Maybe it's that nordic execution of design that's so left field but they get under the skin and there's nothing else out there like them. Despite this they do frustrate from lacking basics and I concur on reliability. One of mine gave bother and reports are out there of other elementums doing likewise.

There is a small plastic gear wheel which interacts with the rotating toggle and this was a problem on mine but I replaced the part from a donor. 

Battery swop is a dealer affair to remain in warrenty which is a let down. I got 6 months out of a quality cr2032 but became proficient in changing them. The lead from the pressure sensor is thankfully long enough to allow the case back to sit aside the watch for battery swop. Having repaired a fair few non functioning Suunto Core buttons the layout was familiar. 

For me the big miss with the suunto elementum is the lack of the cores graphic bar chart pressure/altitude display which can be locked to either function if desired. The extent of a weather trends change is easier interpretated in this fashion. I considered the venus for this reason. 

I also refuse to own another core as they are very unreliable imo, having had two fail and had to fix many buttons.
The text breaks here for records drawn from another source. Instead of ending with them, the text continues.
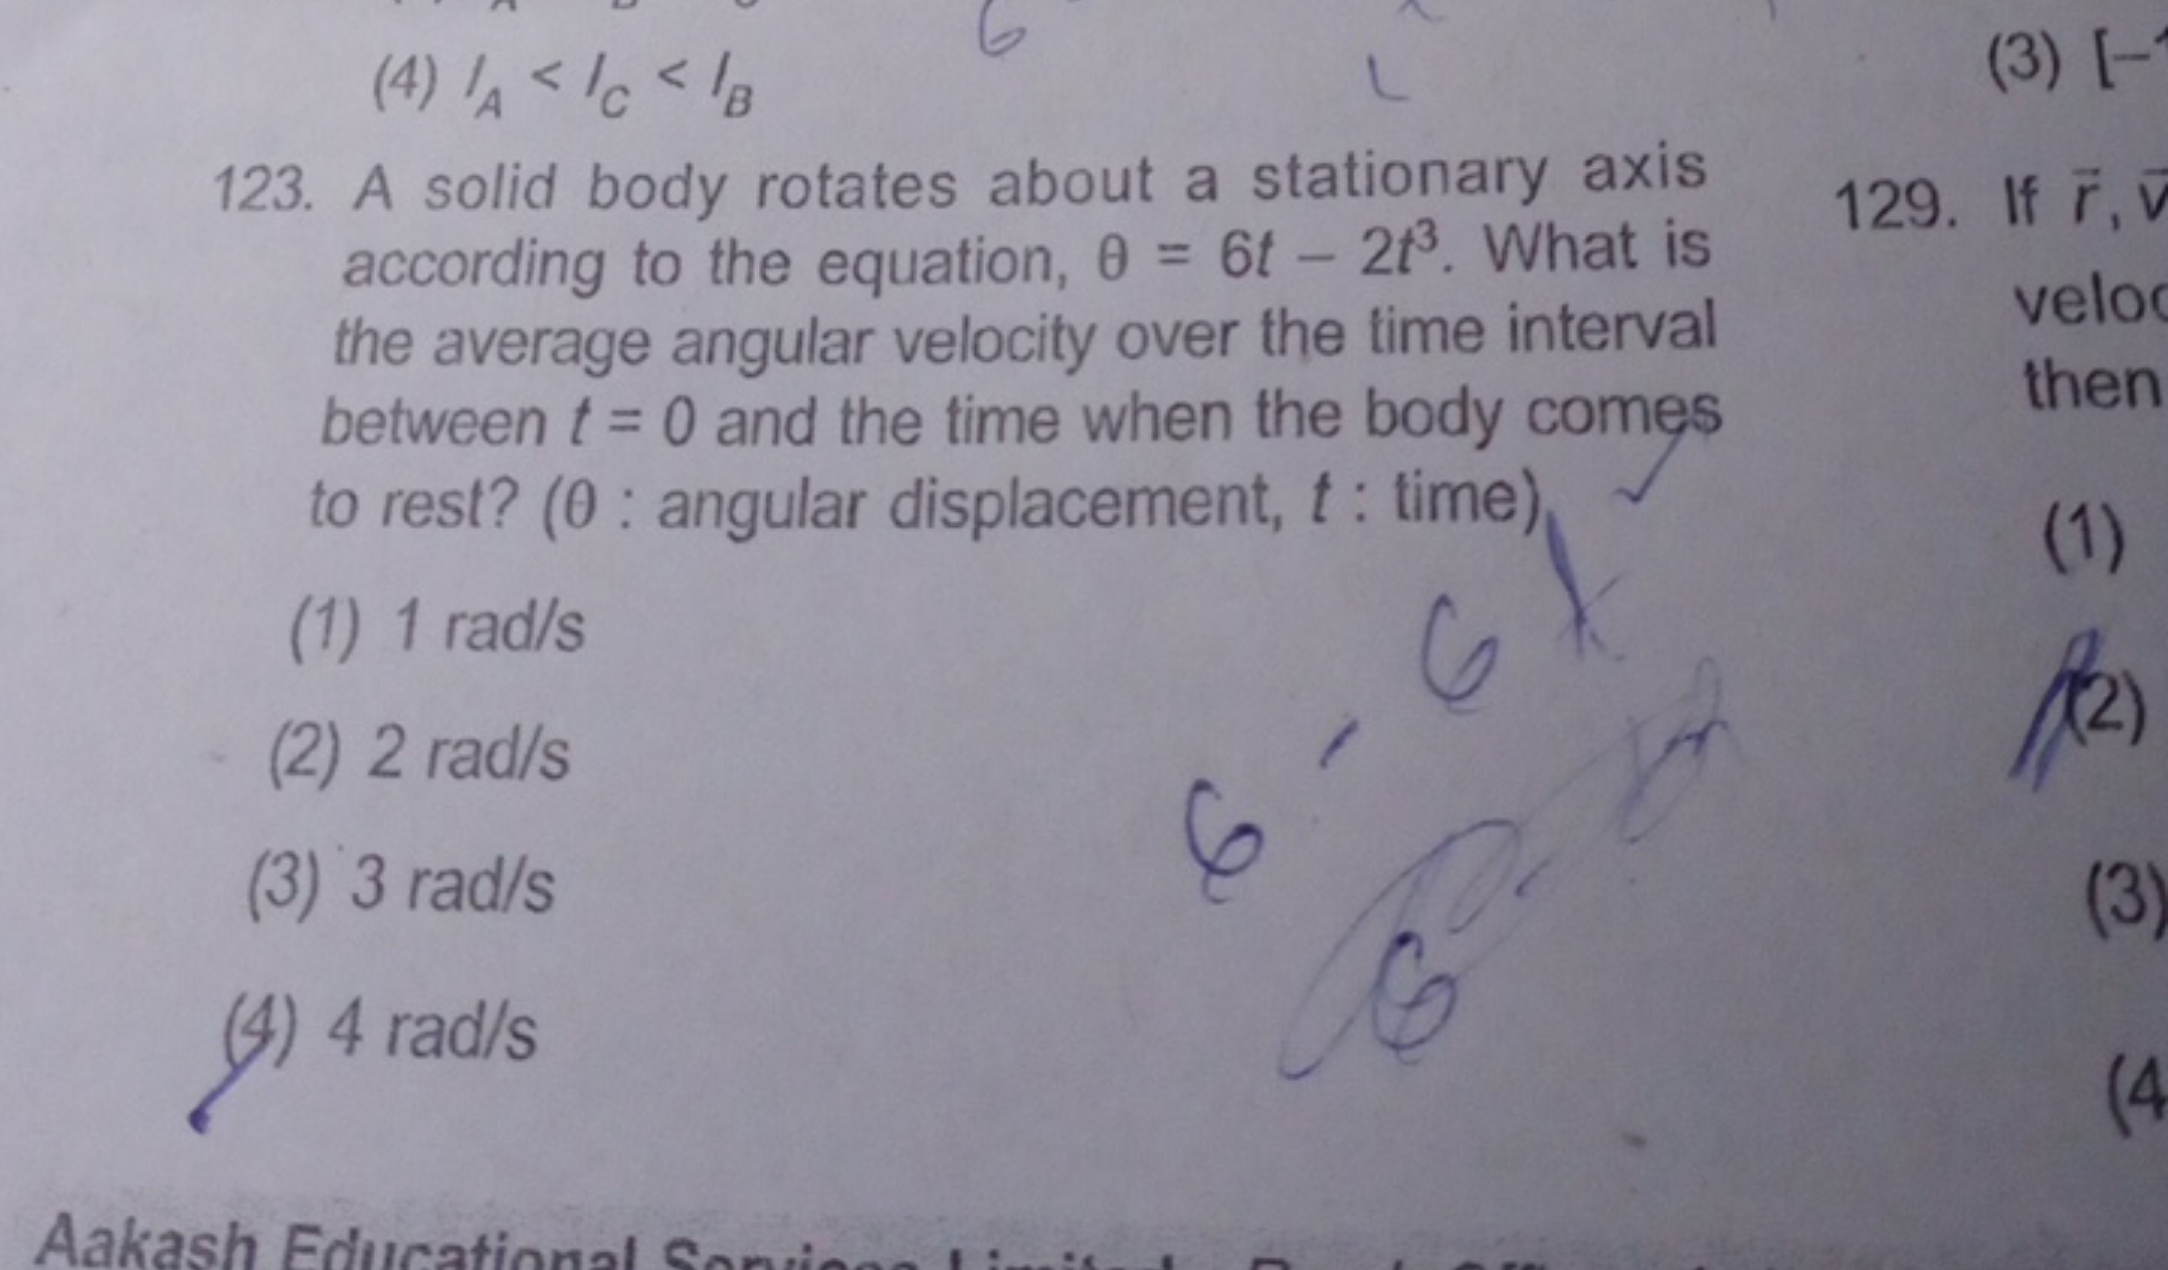 A solid body rotates about a stationary axis according to the equation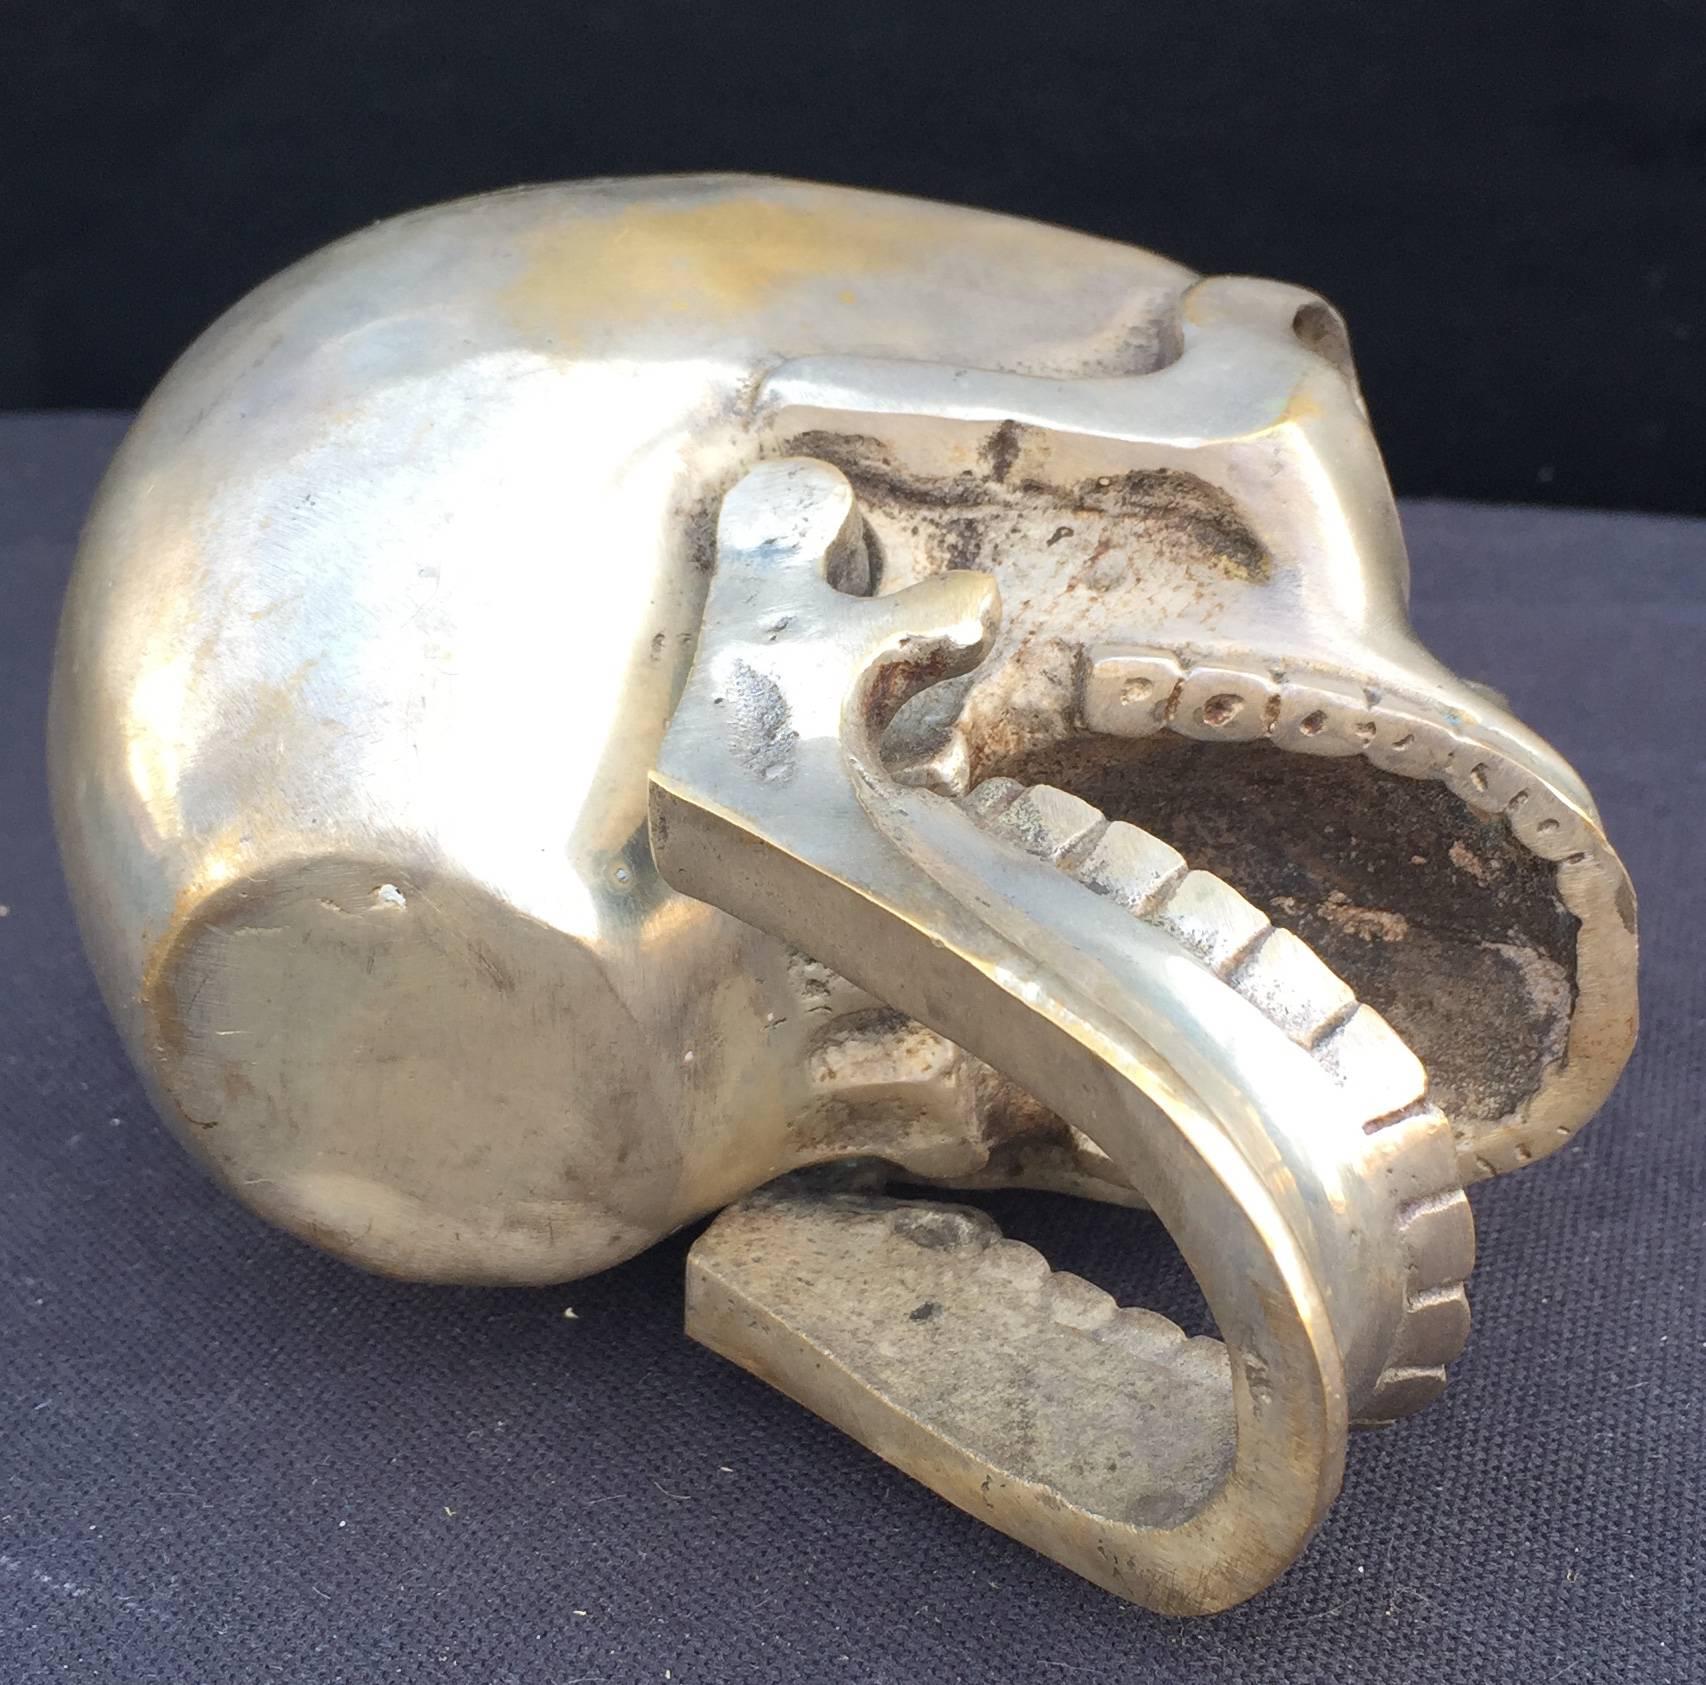 American Nickel over Brass Skull Sculpture with Hinged Mandible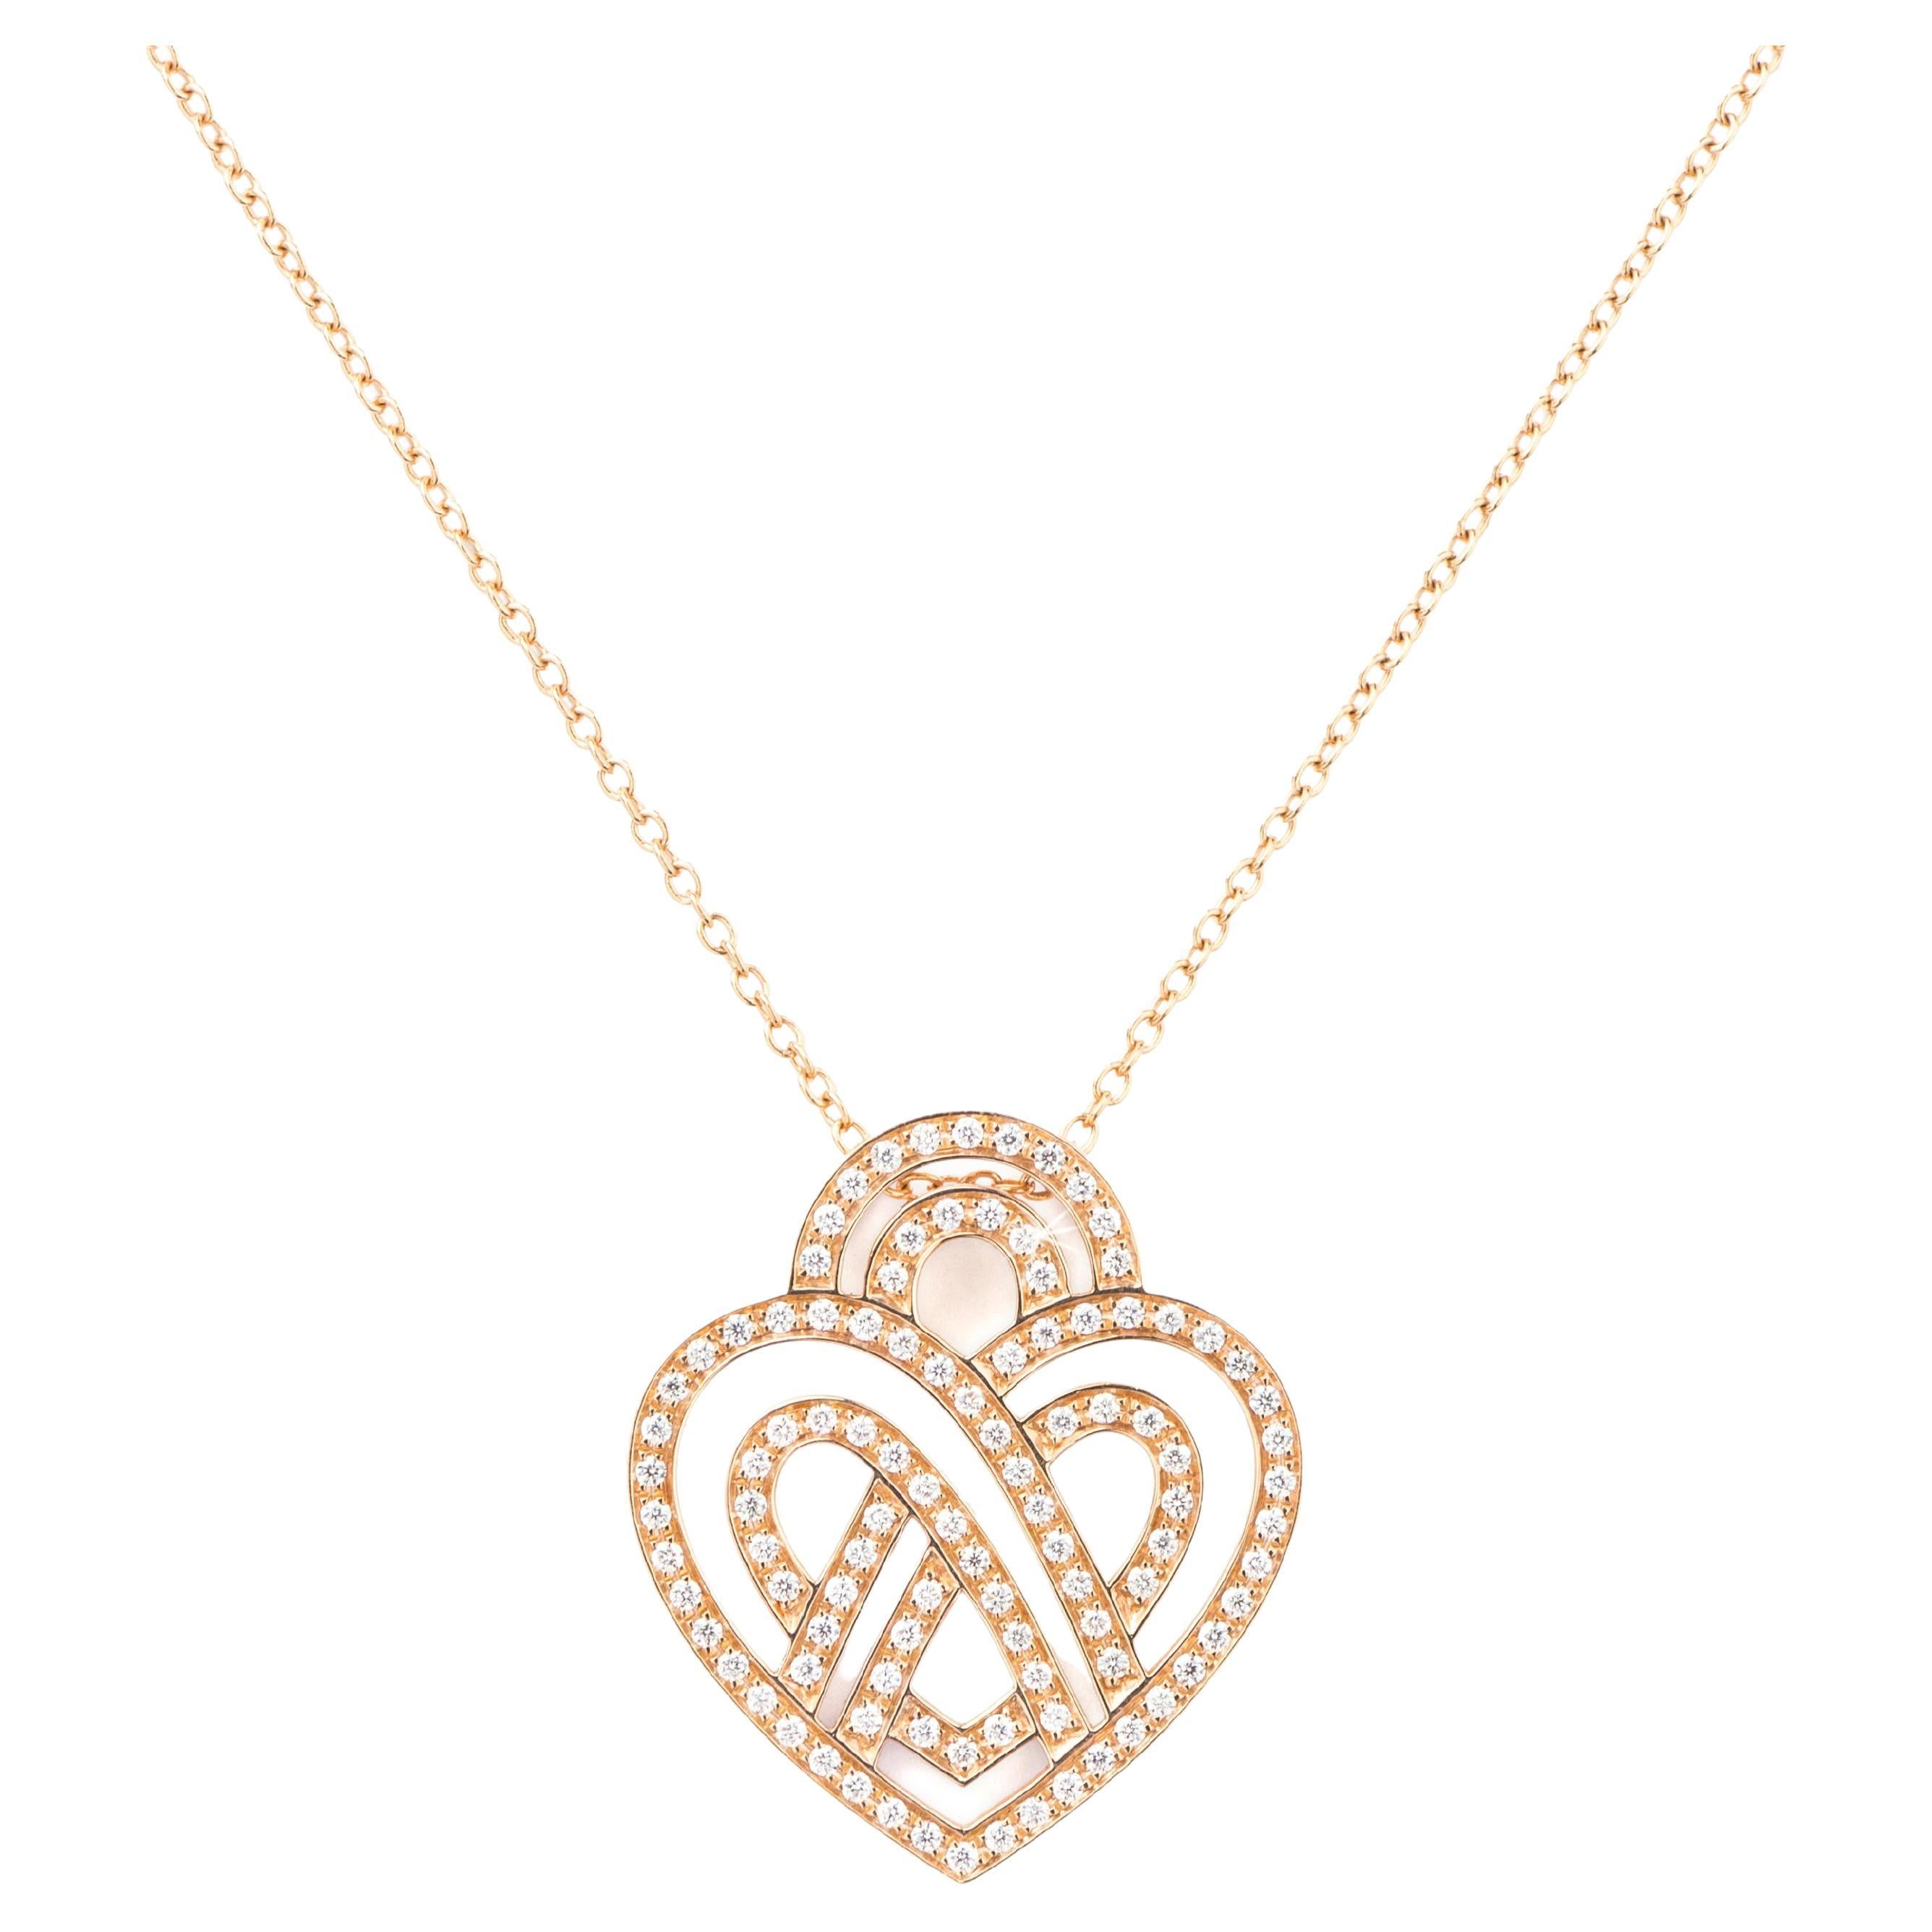 18 Carats Gold and Diamonds Necklace, Rose Gold, Coeur Entrelacé Collection For Sale

Shame as they are lovely to use. 

I have some early examples of Suunto compasses and they are still working perfectly. My suunto observer was a very nice watch but again a flawed interface that was not intuitive and I will not own a watch which must take a company strap.

I have an affinity for the company as I enjoy the fresh design and execution and still watch for elementum terra beaters on ebay. If I can pick one up sub 100 I will throw it on a grey nato and wear it out. 

Thanks for the review, a great read.